I strongly believe that the importance of the multi-billion year process of evolution is seriously underestimated by the AI community and that it's pure hubris to think we can short-circuit that entirely and simply reverse engineer the brain with fancy algorithms.
> But I do have a feeling that in order to get something truly novel and interesting it's going to have to "evolve" in an "environment" and the challenge will be in identifying whether a particular instance of primordial soup is on its way to developing more complex structures.
I thought that way for a long time too which is why I chased the cellular automata ideas and eventually implemented many varieties. But nowadays, I think its all mostly torched by magnitudes.
The closest chance we have is not relying on the magnitudes. Instead of trying to evolve a universe, or variety of entities - we need to focus on a single entity.
I thought AI had a flawed premise, like you mention: attempting to develop single individual is directly antithetical to how life normally develops. None the less, my mind is changed since my automata dabblings. Single individual engineering is the only method that has the slimmest chance in hell.
Silicon cannot touch either of them. I didn't always think this though. I thought intelligent beings, but first smaller structures, could evolve in a large digital universe. I made a blog post: http://scrollto.com/blog/2017/04/11/life-a-universe-simulati...
It took a long time but I eventually created what I set out to do.
Here is ScatterLife: https://github.com/churchofthought/ScatterLife/
But the result was far from what I wanted. Even with a Titan V, a world of only 4096×4096 could be handled at a reasonable update rate. I basically had spacetime foam under the ideas of Doubly special relativity, ie. Feynman checkerboard universe.
https://en.m.wikipedia.org/wiki/Doubly_special_relativity
https://en.m.wikipedia.org/wiki/Feynman_checkerboard
If our own universe is digital, then it updates at C/plank_length times per second, over 10^40 hz. Not only that but it consists of over 10^185 planck lengths.
Nothing interesting is really viewable or even extrapolatable from the smallest of truths or fundamentals. Thats why many predictions of string theory need higher energies to be tested. The smaller you delve, the higher energy needed.
In any case, I realized that evolution itself has been fueled by orders of magnitude. Symmetries of matter and energy, planets stars and solar systems...same magnitudes required.
Even the best silicon isnt going to have 10^20 transistors on it. We would have to somehow go analog..use chemicals or matter in a way that didnt require slow refining and construction. Chemical based computing....
Now about ML and AI, same issue is present. Brains have 100 billion neurons. The best GPUs have maybe 5000 cores.

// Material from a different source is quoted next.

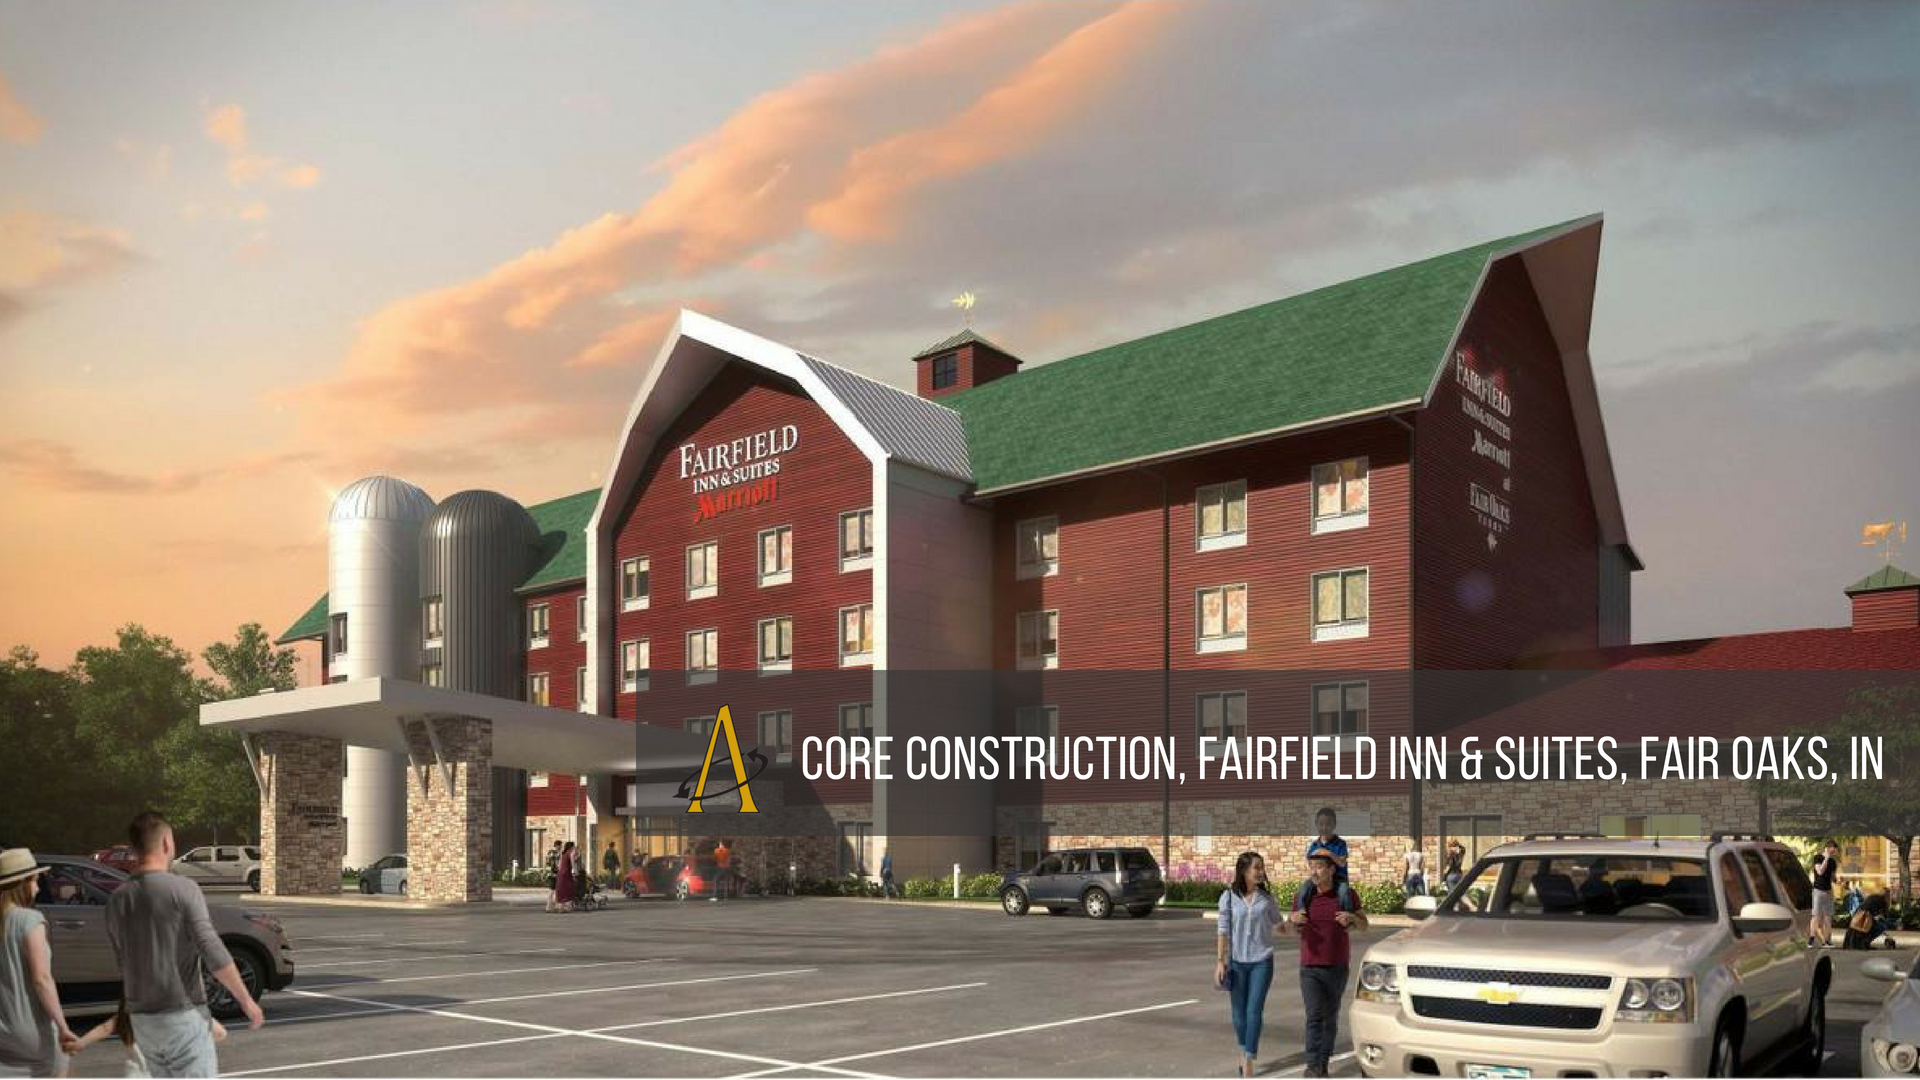 Core Construction, Fairfield Inn & Suites, Fair Oaks, IN
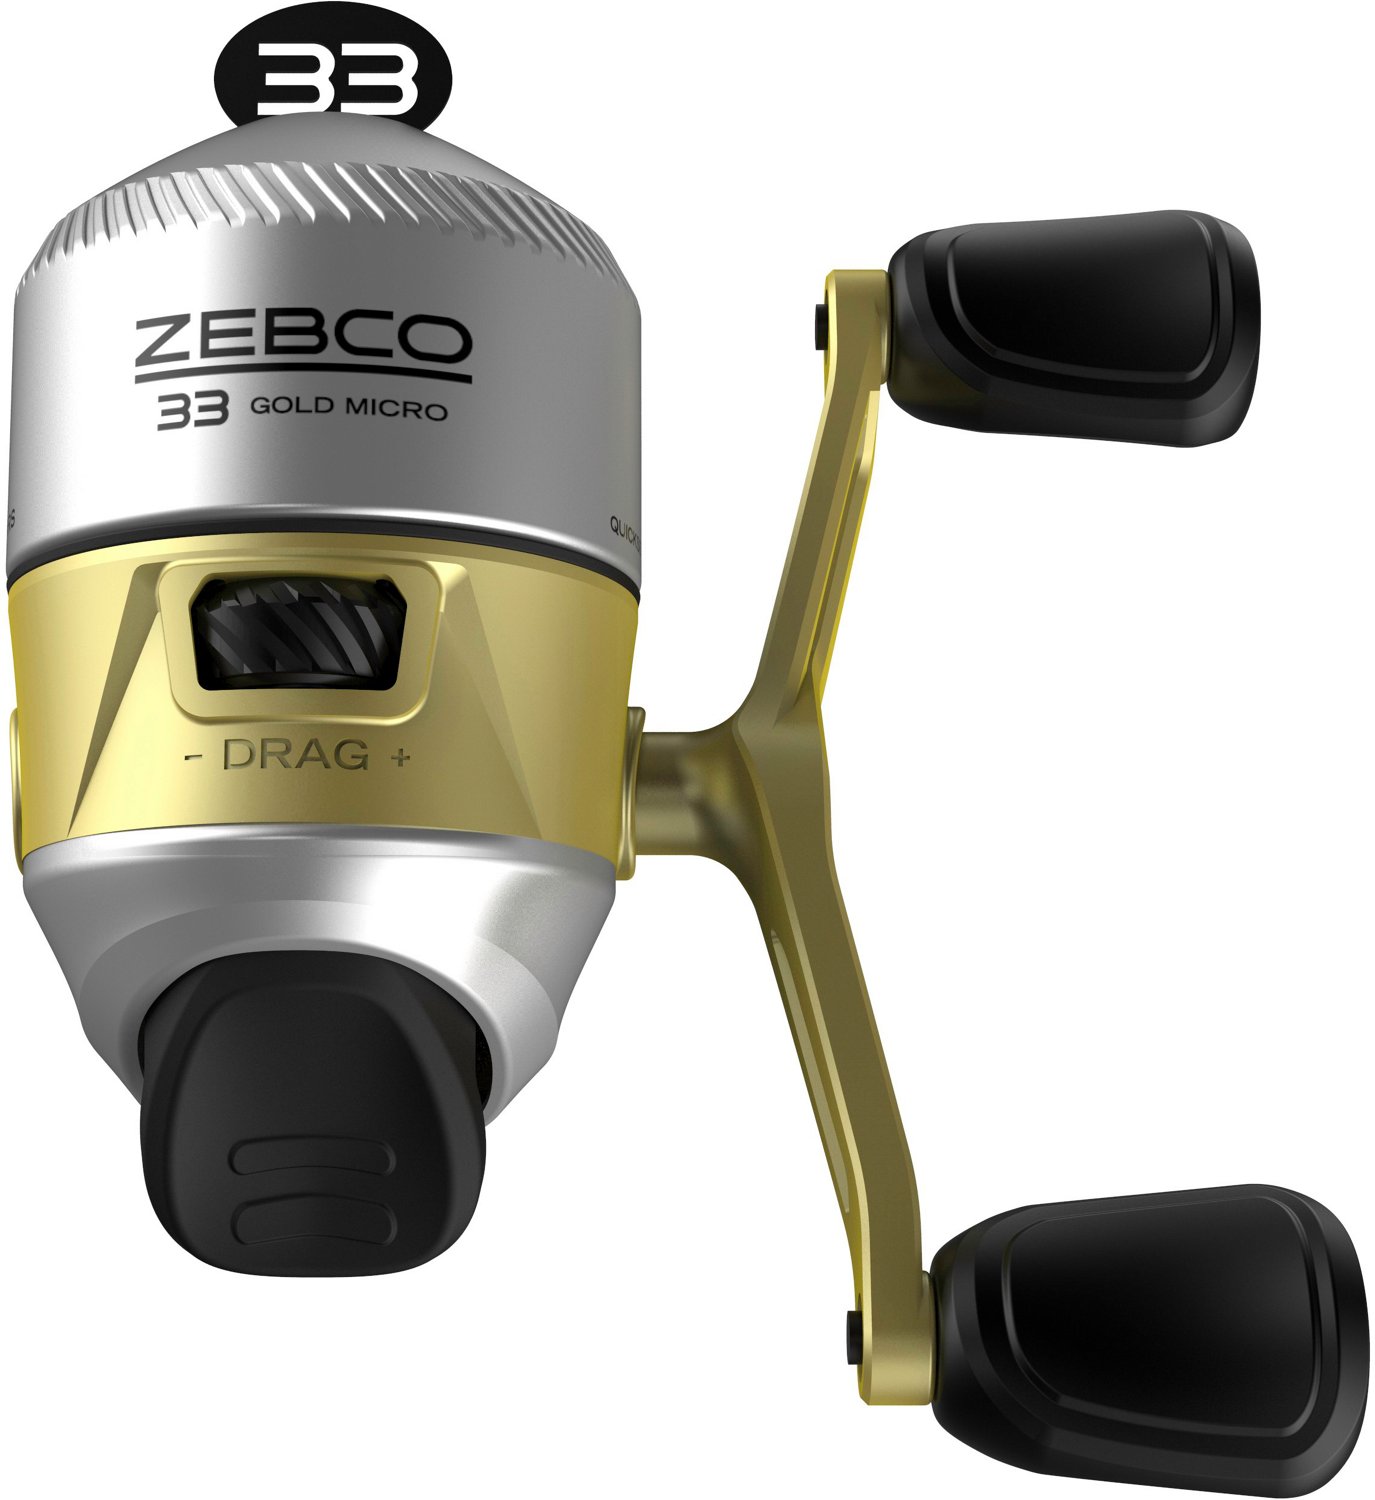 Zebco 33 Micro Gold Spincast Reel

The only way forward is to maximize what each core does - as much as possible.
I learned this with the cellular automatas. Black and White 2-state automatas are neat but are a huge waste of processing power. They hold little information. Better is integers. Even better is floats. Why stop there though? Lets use complex numbers.
https://github.com/churchofthought/HexagonalComplexAutomata
Magnitude is against carefully crafted silicon. If we want to achieve what magnitude can, with silicon, we need to make sure our fundamental neuron units arent unnecessarily sparse. Magnitudes can afford to use simple units. Silicon cant. 5000 maybe 100000 cores when advances in fab accelerate. But still not 100 billion. Still needs to use the advanced abilities of the cores to their full extent. A neuron cannot compute any universal function...but a gpu core can.
Anyways, I am almost failing to mention that I dont believe we have anything to worry about. Unless more research is devoted to special purpose hardware (consider an i7 has 731 million transistors), the software side will have a really hard time compensating for low magnitude.
Lets see what happens. Its going to be exciting none the less. I am doing ML work myself on Boltzman networks and RNNs snd Hopfield nets. This is a promising field and its emerging at breakneck pace. Cheers!